A common problem with MPLS L3-VPNs happens when the LSP between PE routers is broken which tends to drop traffic customers connected to those PEs. The reason is that VPN Labels (which is the lower label) are unknown to PE routers. This happens because IGPs like OSPF converges before LDP. So a path between PE is present but there's no labels exchanged yet, which makes P router pops the upper label and send the packet to it's neighbor P router which has no idea what to do with the lower label since it's not aware of VRF. which can cause black-hole in the network for sometime until LDP converges again.
A solution to this is using LDP-IGP synchronization.

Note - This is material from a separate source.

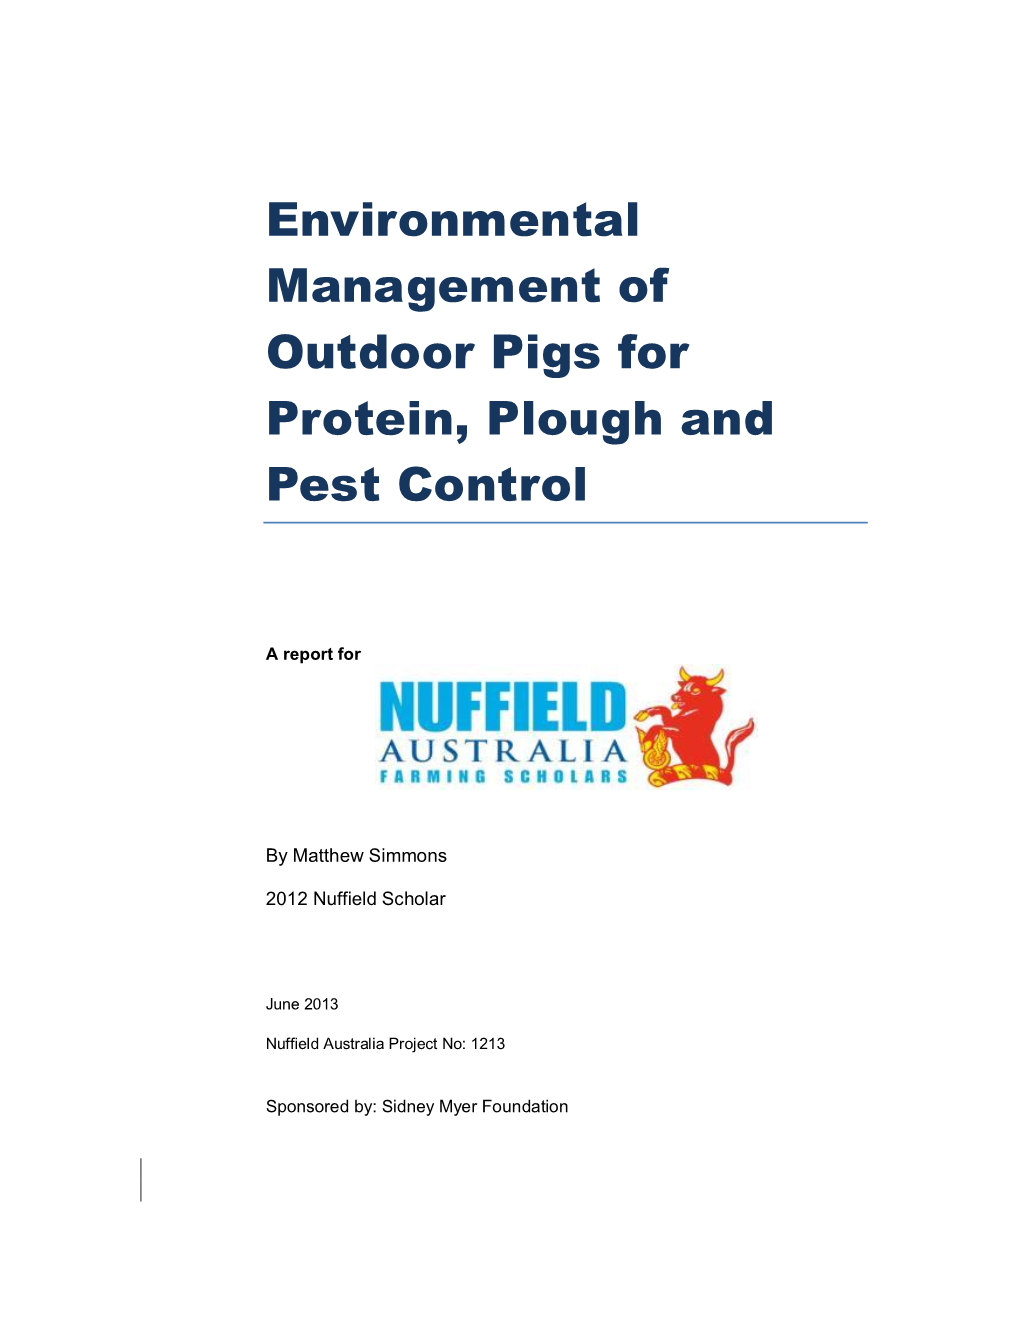 Environmental Management of Outdoor Pigs for Protein, Plough and Pest Control

The idea is fairly simple, OSPF will not prefer the link to the neighbor router with the affected link until LDP has been fully converged over that link, to avoid packets with VPN labels from being forwarded to the unaware P routers. Of course this solution is used when you have redundant links or paths between P routers, other than that, OSPF will continue to forward the packets if its the only path.
Now let's see how this works in the topology below
From the topology above, R8,R9 and R12 are P Routers, while R6 and R13 are PE routers. Now, when R13 is trying to reach R6, OSPF will calculate the shortest path which is R13 - R12 - R6.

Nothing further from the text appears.